Based Politics pointed out the government did not even argue the ban is similar to foreign ownership of radio stations. But I can guess their own lawyer invited this part of the opinion, by arguing the ban restricts a medium (intermediate scrutiny), rather than arguing it suppresses a viewpoint (strict scrutiny). I am not saying the viewpoint argument would work, but it at least deserved a larger role next to making money which is not in the First Amendment.

A text search of the petition does not turn up the word “viewpoint”, though the word “content-based” is used similarly several times. But unfortunately, they raise it so far as the ban discriminates against the viewpoint of the Chinese government, which I believe Congress is allowed to do. They should have instead done the opposite, saying that the banning of a Chinese viewpoint is hypothetical, but the loss of a dissident US viewpoint is immediate, and invokes “strict scrutiny”.

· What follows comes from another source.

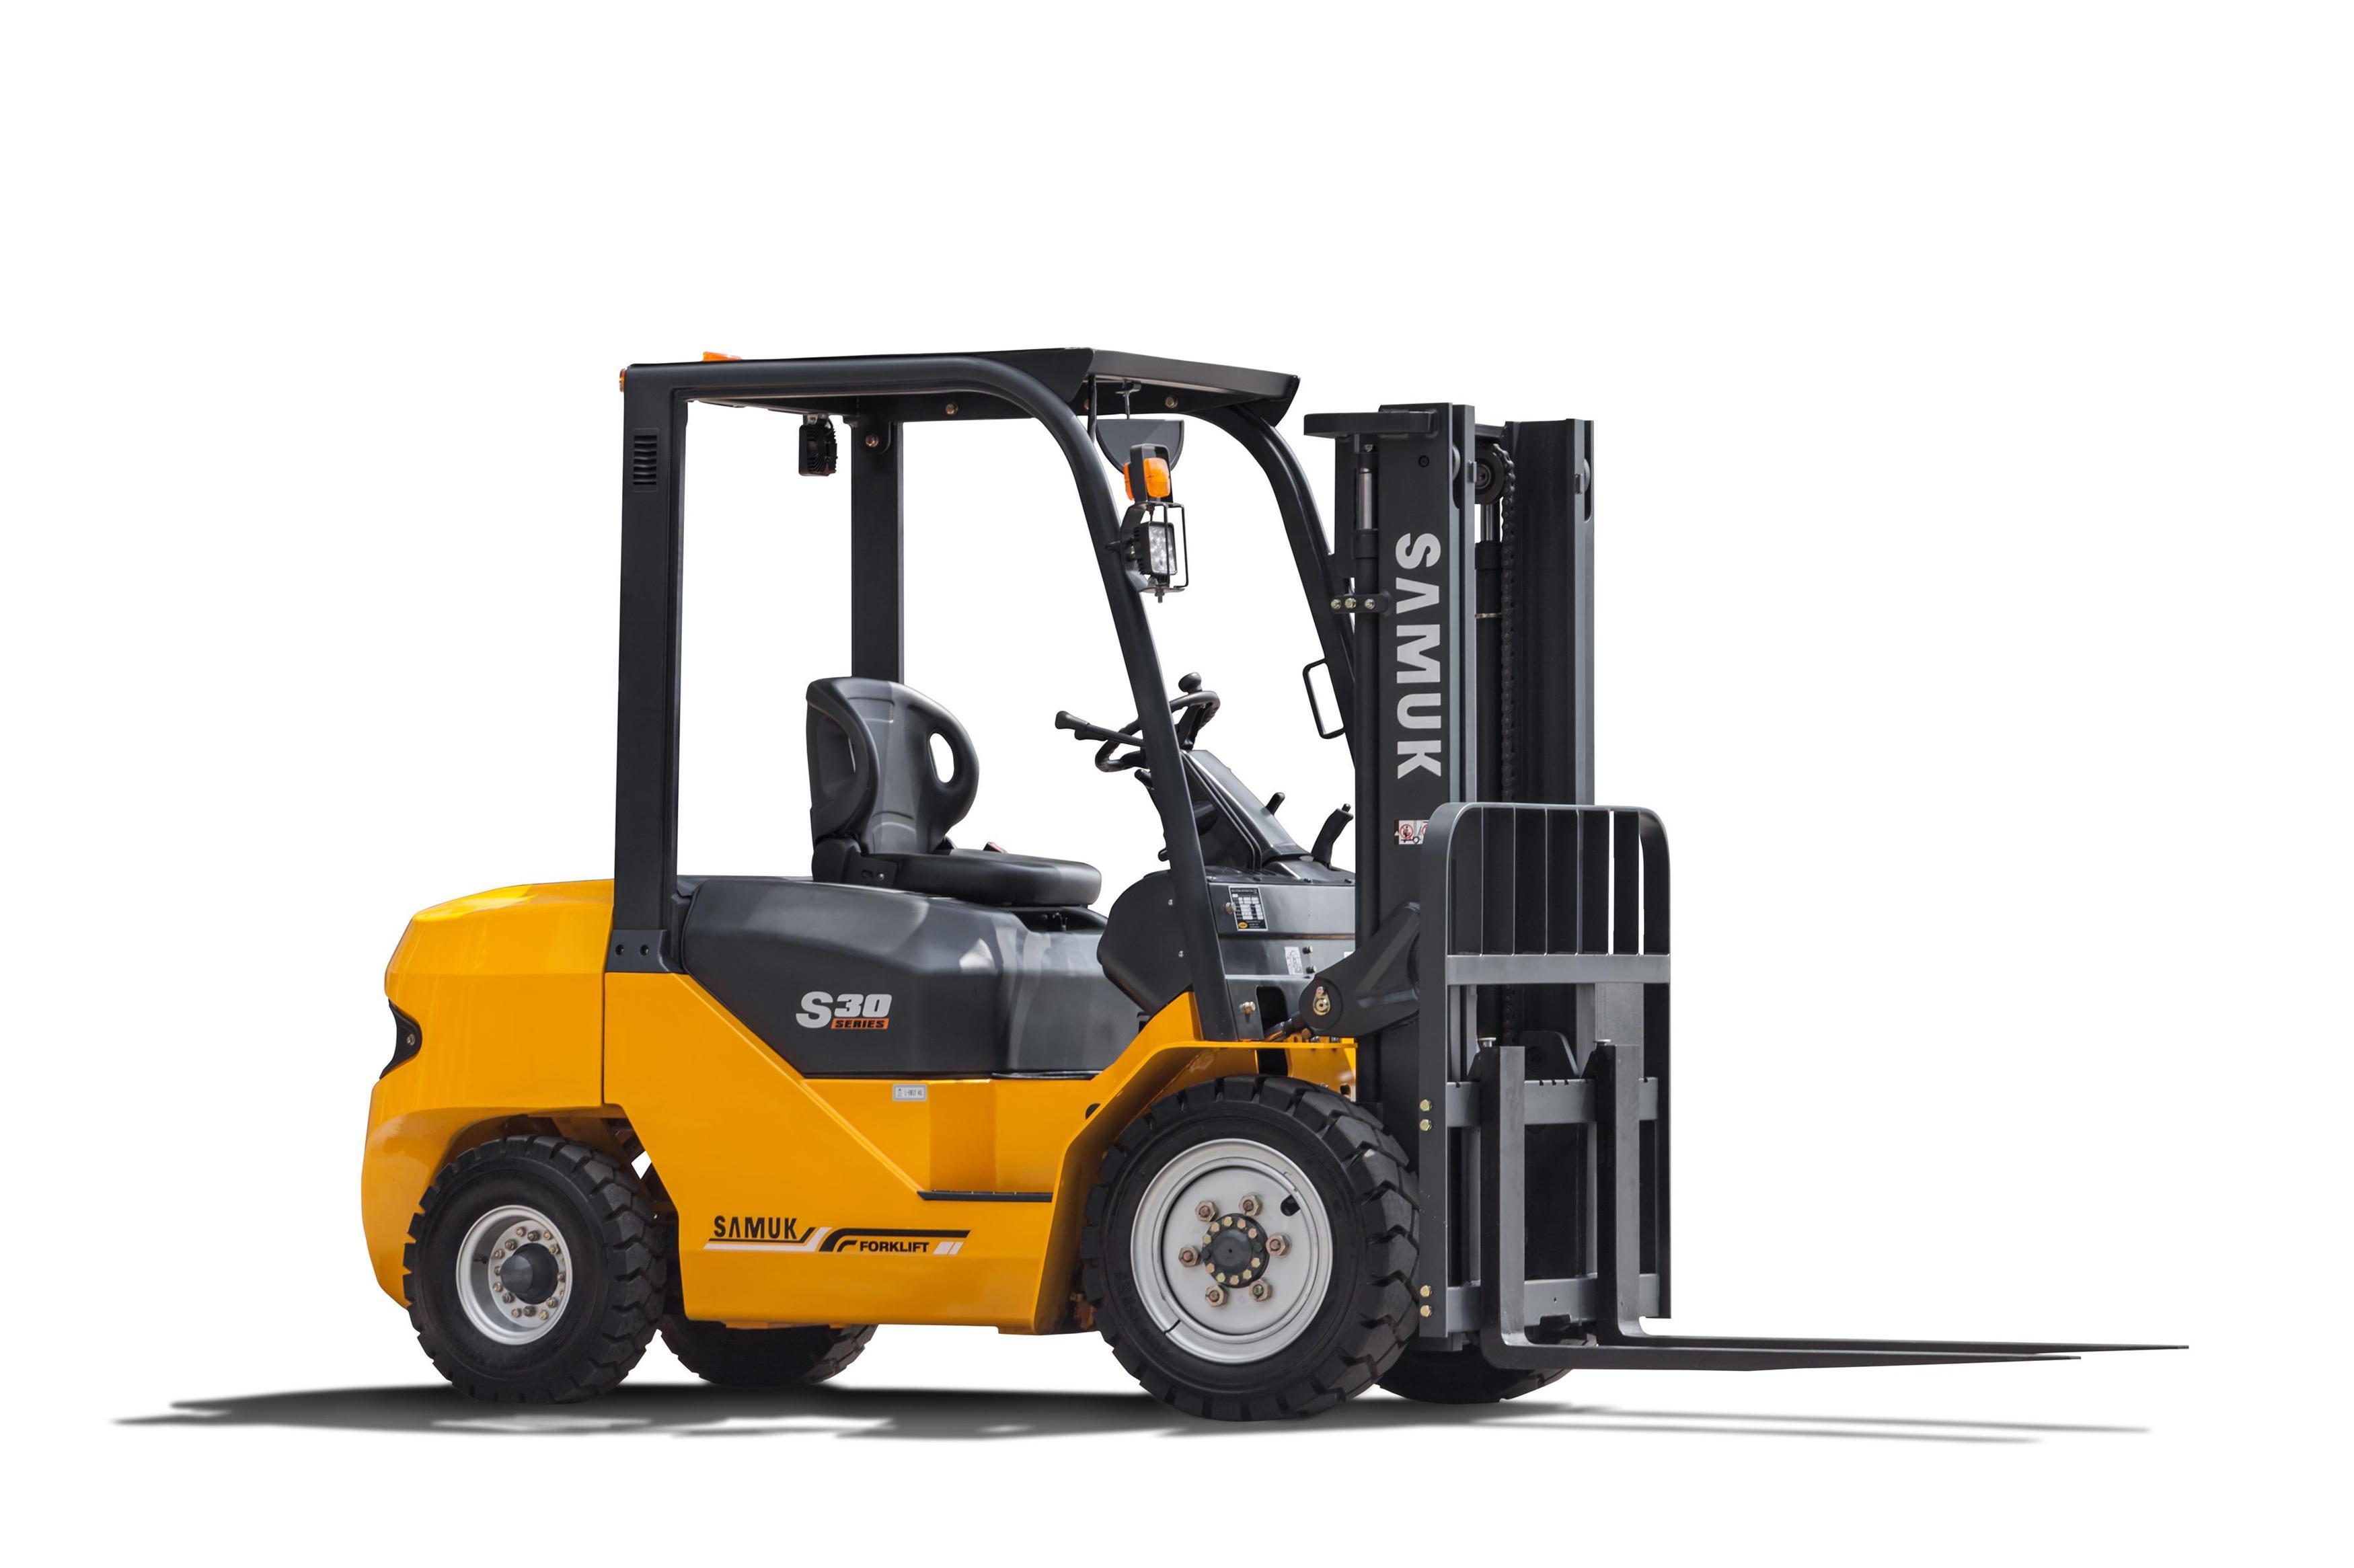 Diesel Forklift 1.5-3.5ton

I understand it to be Hannah’s view, that banning TikTok discriminates based on speech viewpoint. Because TikTok is the only means for unpopular people to speak alongside and competitively with incumbents, who can call press conferences and buy advertising. So the immediate harm is an immediate suppression of dissident American viewpoints.

Not being a lawyer, I cannot claim that judges would listen to my arguments, or are unsympathetic to the political cost of widespread financial harms. But it seems in copy-pasting the various cases for irreparable financial harm and random off-target First Amendment cases, the petition missed the essence of the actual harm Based Politics perceives, which is a loss of free-flowing dissident viewpoints.

You have to say the TikTok ban discriminates against your viewpoint (in favor of Anthony Fauci’s viewpoint or whatever). Or at least argue that it does, in favor of strict scrutiny and temporary injunction to prevent this harm.